When did you visit Australia and what was it that brought you to
our shores?
I
visited Australia in December 2011 to present a paper in The Written the Oral
and Other Verbal Media International Conference that took place at Victoria
University.
How did you learn about Storytelling Victoria and in what ways
have we assisted you?
As
soon as I knew I was going to Melbourne I researched on the internet and I
found Storytelling Australia (Vic's) website. Then I researched the storytellers listed and
I found Julie Perrin’s and Jackie Kerin’s websites. So I contacted them saying
I was coming and that I would like to meet them and they were amazingly open and
generous. They both hosted me in their houses and I interviewed them for my Phd
research and we talked and walked (I had the opportunity to hike with
Julie around Cape Schanck) and it was one of my pleasant trips thanks to them.
Australian Storytellers are in the process of forming a national
website where the state and territory bodies will all be listed. This will
provide a gateway for tellers around the world to find our scattered
organisations. Do the storytellers in Portugal enjoy an organisation which
connects and supports their practice?
In
Portugal we have small associations or individuals scattered around the
country. But you must know we are a very small country: 56000 square miles and
10 million habitants. So in fact we are quite connected to each other and we
share information and links. Still, a national platform is missing and it would
be useful although I would say, because of our size and number, not urgent.
You're currently working on a Phd about Portuguese Folk Tale,
can you tell us in a nut shell the subject of your interest?
In
fact, my masters dissertation was about Portuguese Folktales and it was called
"Representations of Death in Portuguese Traditional Folktales" and it
is published in Portuguese. My Phd research is on Arts and Communication and it
is about contemporary storytelling. My goal is to help build a theoretical
framework for storytelling analysis under the umbrella of the Performing Arts.
How important to you is the building of relationships with
storytellers who work in other languages and cultural traditions.
Storytellers
are the subject of my research so I could say these relationships are the most
important thing to me at this point. And it is thanks to these relationships
with different ways of doing and thinking, that I can try to understand my
reality in a more interesting way. But in fact, when you start talking to
performers from other countries you soon understand we are all dealing with the
same issues.
Where do you tell your stories and who is your preferred
audience?
Before
I started my Phd, my major public were school children. As in many other
countries, storytelling is still seen as something for kids and as I was living
exclusively from storytelling the most part of my daily work was that. But I
have always preferred adult audience, not because I prefer adults (I work
with adults, all my friends are adults) but because the themes and stories I
like are for an adult audience. Of course some stories, especially in the
traditional repertoire, can reach different ages, but those are not the stories
I like and I am not very good on that.
Now
that I am doing my research I had to stop my daily work and I am only
performing in festivals. I also have had time to record some stories I was working
on and build a show in which I tell those stories playing
accordion and accompanied by a percussionist. These are the stories I will be
telling in the near future, not regularly, for adults.
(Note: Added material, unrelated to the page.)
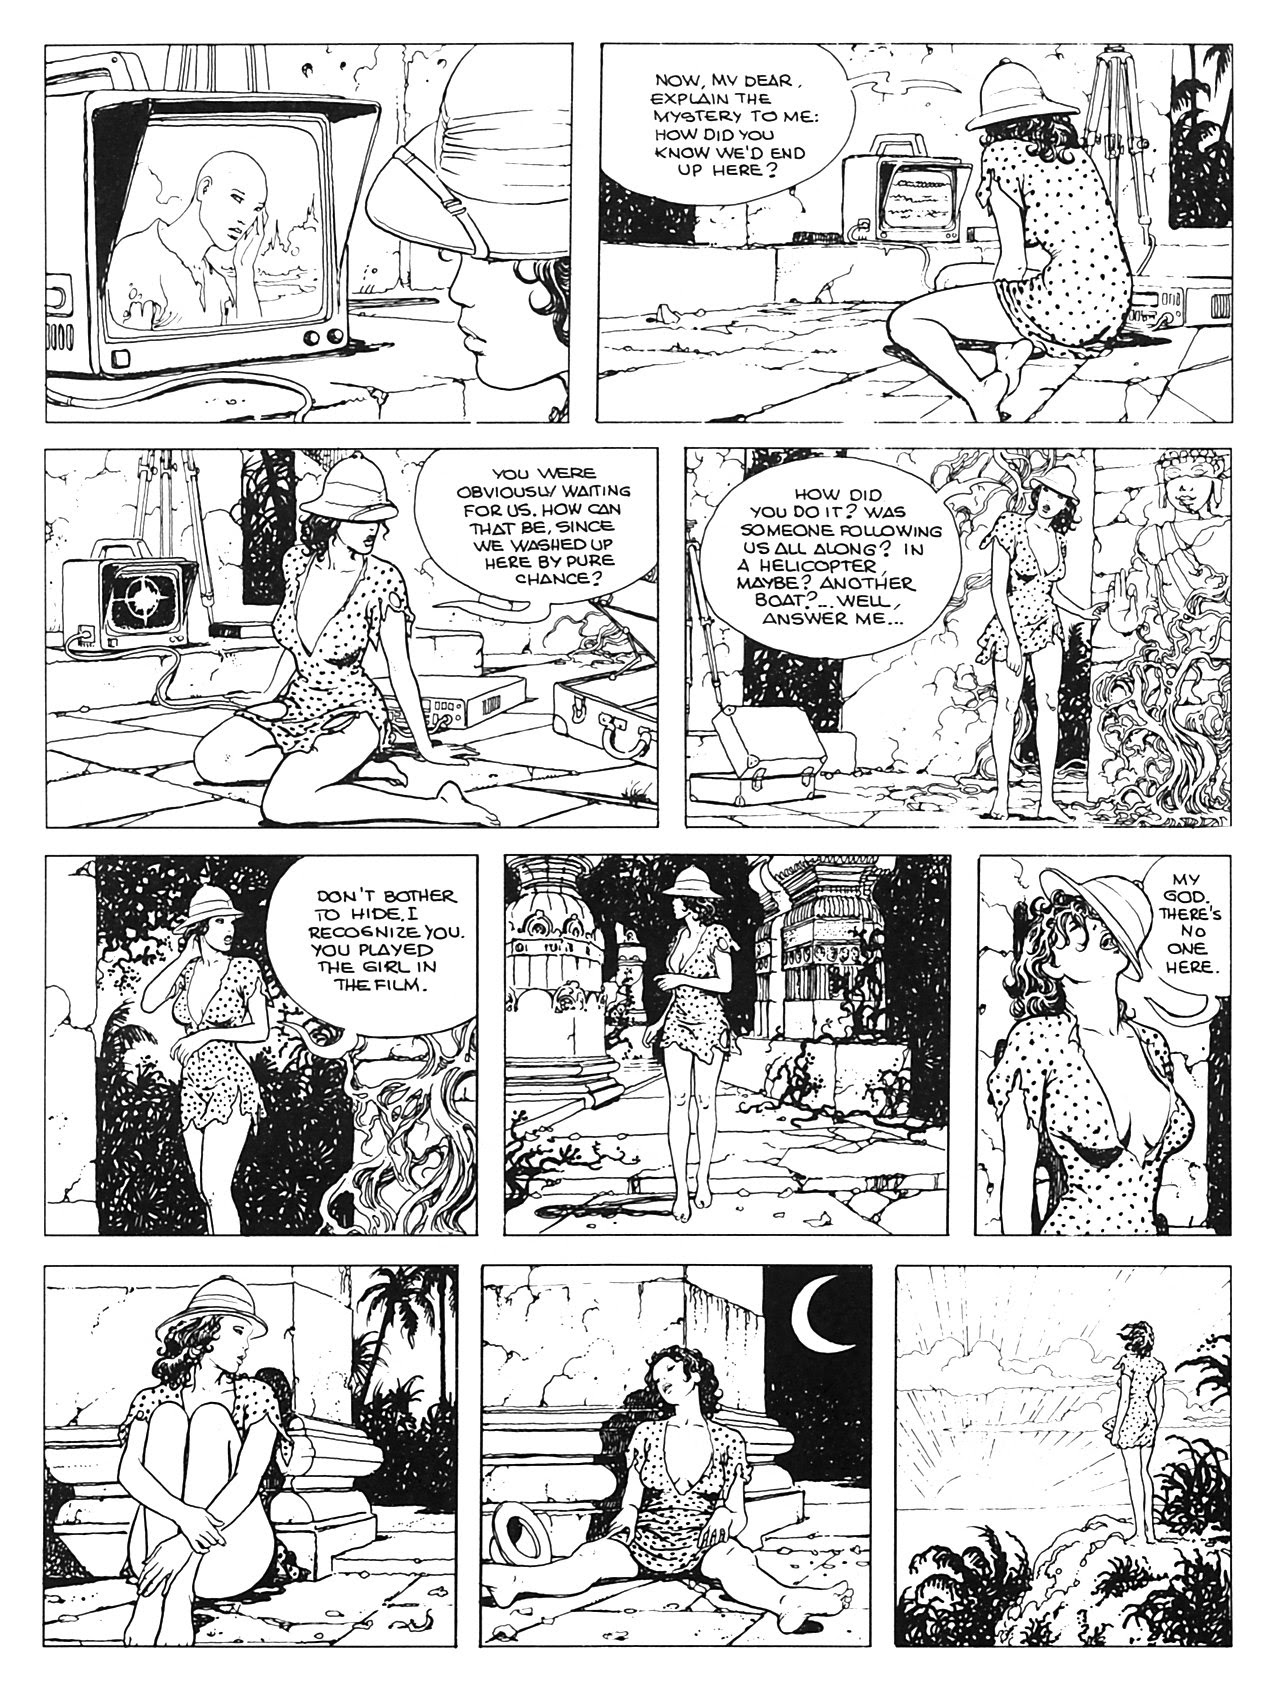 Read online Perchance to dream - The Indian adventures of Giuseppe Bergman comic -  Issue # TPB - 81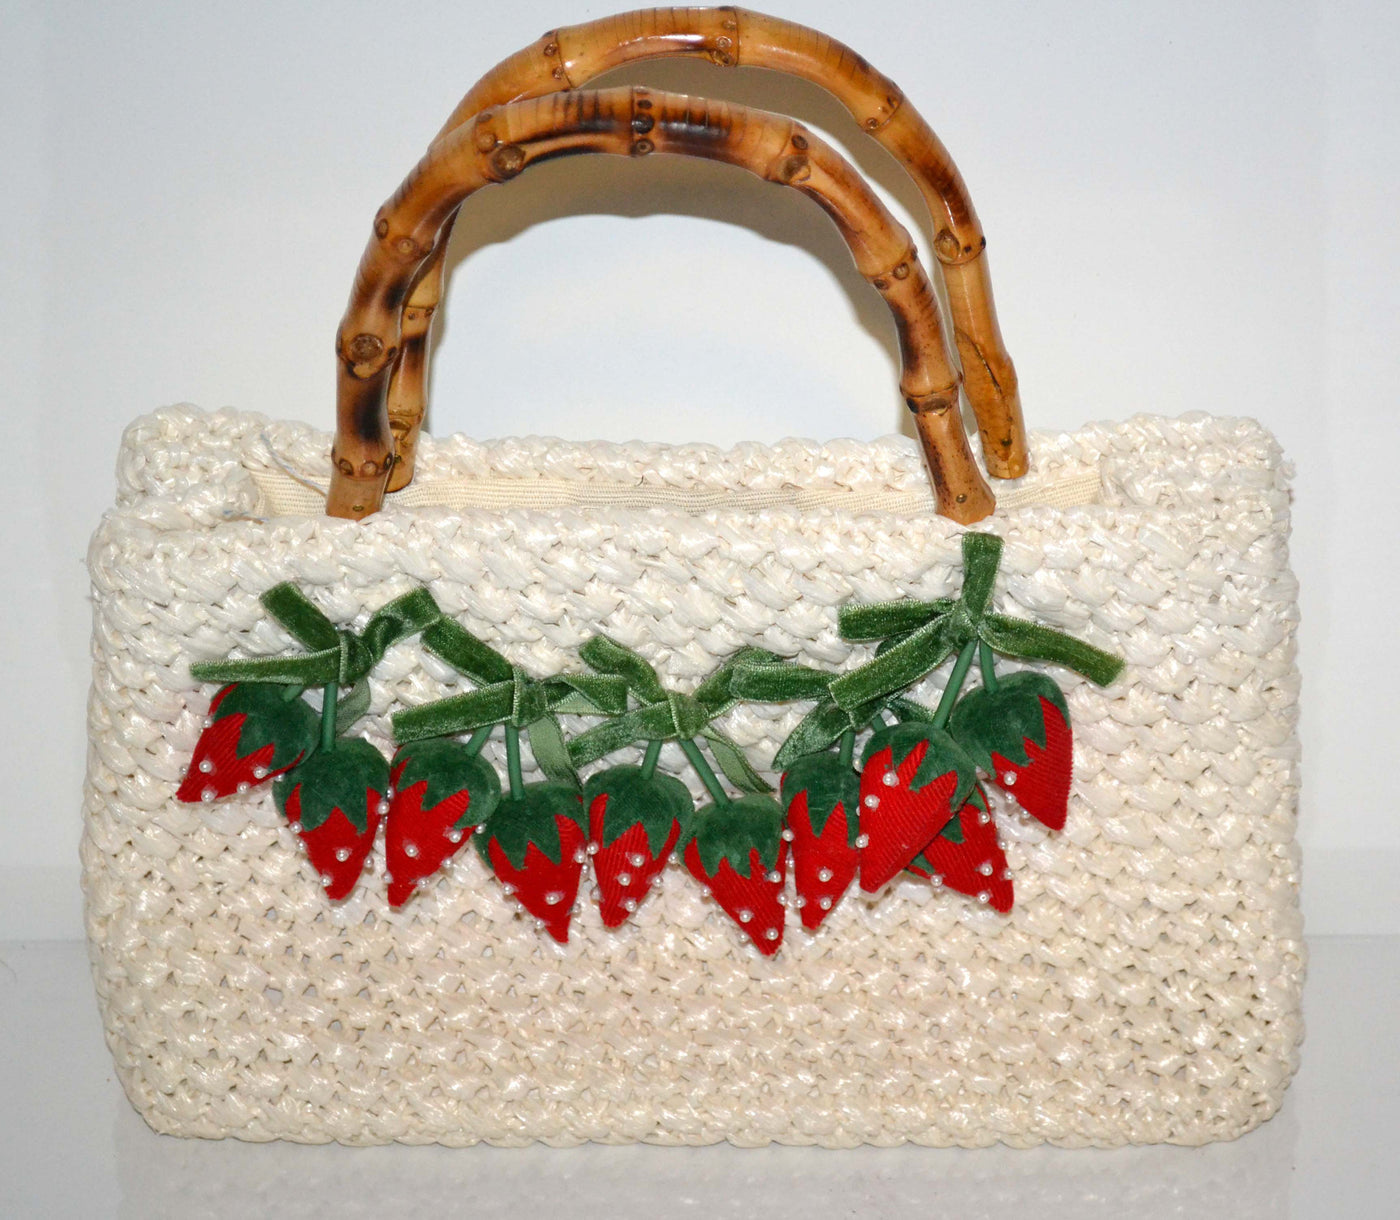 Vintage "It's In The Bag" For Ritter Strawberry Bamboo Handle Straw Purse

Do you have a favourite story you like to tell?
In
fact I do not have I favorite story but I do have a favorite theme:
relationships.
Are there any storytelling festivals or other opportunities in
Portugal that Australian storytellers might be interested in?
I
believe so as it is not very difficult in some contexts to work in English in
Portugal. We have the biggest Portuguese festival in Beja called "Palavras
Andarilhas" (Wonderer Words?) http://www.palavrasandarilhas.org;
a new festival in Lisbon organized by an association called
"Contabandistas de Histórias" (stories smugglers: the word
"contabandistas" does not exists, it is a game with the words
"contrabandistas" = smugglers and "contar" = to tell) http://www.contabandistas.com;
a festival in Montemor-o-Novo called "Festa dos Contos" (Tales
Party) http://festadoscontos.blogspot.pt; among
others. You can know some portuguese storytellers in the blog http://narracaooral.blogspot.pt.
Will you visit us again?
I
would love to. Melbourne, thanks to Julie and Jackie, was the kind of place you
imagine yourself living in it.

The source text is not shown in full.